One theory of education that I quite like splits it into five areas with a way of understanding truth in each area:
Language and the Expressive Arts - subjective truth through beauty (appealing vs unappealing)
Social Studies - subjective truth through accepted cultural norms (conforming vs nonconforming)
Mathematics - objective truth through deductive reasoning (valid vs invalid)
Science - objective truth through inductive reasoning (confirmable vs disconfirmable)
Morality - truth through revelation from God (right vs wrong, good vs evil)

So those are my five areas of focus. I haven’t specified what we’ll study in each field, but it will depend on my interests and my children’s (I studied history and biology in college, I speak French and some Japanese, and I play the piano and cello, so those will probably be important; my husband studied computer programming, math, and physics, speaks some Spanish, and played the tuba, so those will also come up). But it will be heavy on reading in all the areas. The one thing that this doesn’t cover is physical excellence, which I would put on equal footing with the others and is one of the reasons for homeschooling.

My husband’s main problem with homeschooling is social skills, so those will also have to be an important facet of the curriculum. It will probably go under the “social studies” heading. The arts are also important to him, and those might require outside classes for most of the subjects. But I’ll let the kids’ interests lead that, as long as they do some form of music and some form of visual art. (My 20 month old is already clearly a wind instrument fan!)
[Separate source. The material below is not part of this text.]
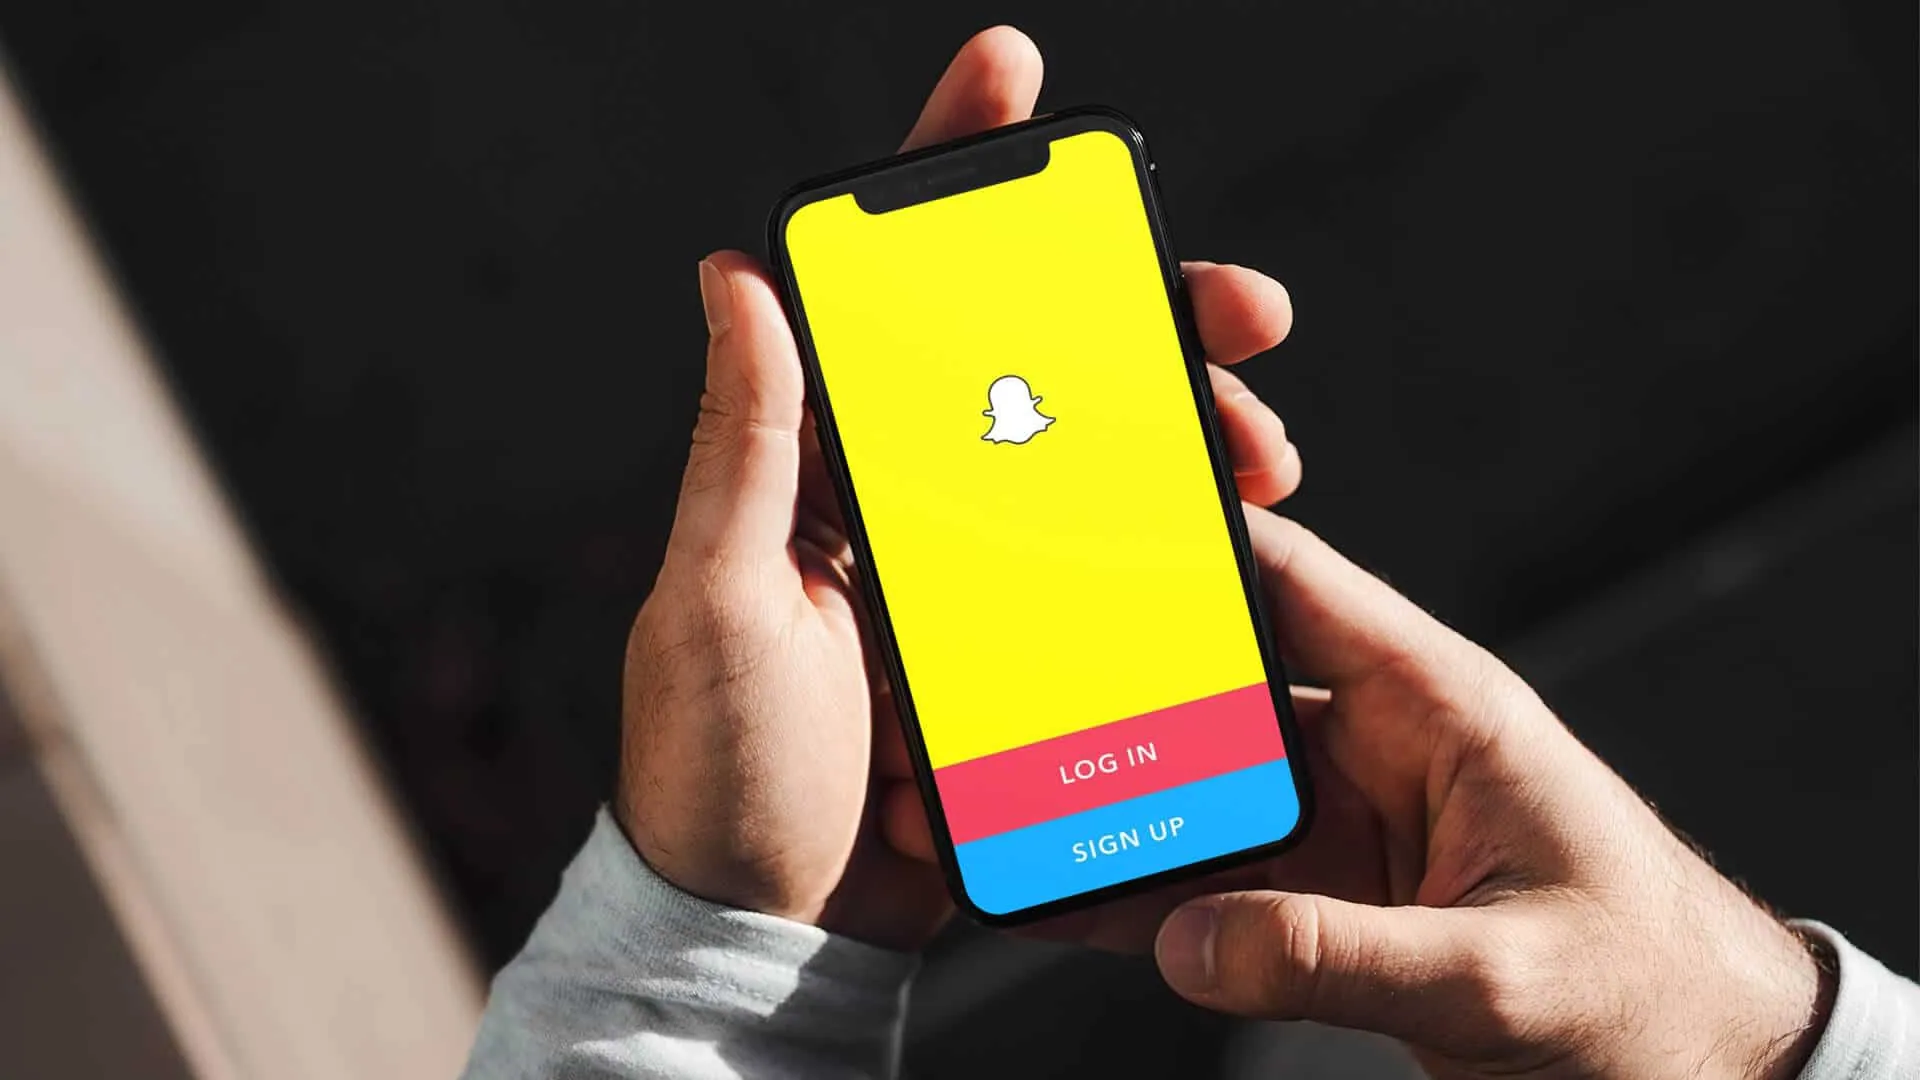 How To Add Snapchat By Phone Number

My goal would be to have an education that allows each child to proceed at his/her own level and be challenged (I remember too many years of being bored in public school), and to have short periods of time devoted to these main subject areas that leaves plenty of time for individual activities (whether those end up looking like unschooling or just playing tag in the backyard). I feel strongly that I could keep my children ahead of their peers in public school with about half the number of hours spent in the “classroom,” so homeschooling would allow them to have more time for fun. That’s another reason I’d prefer to homeschool.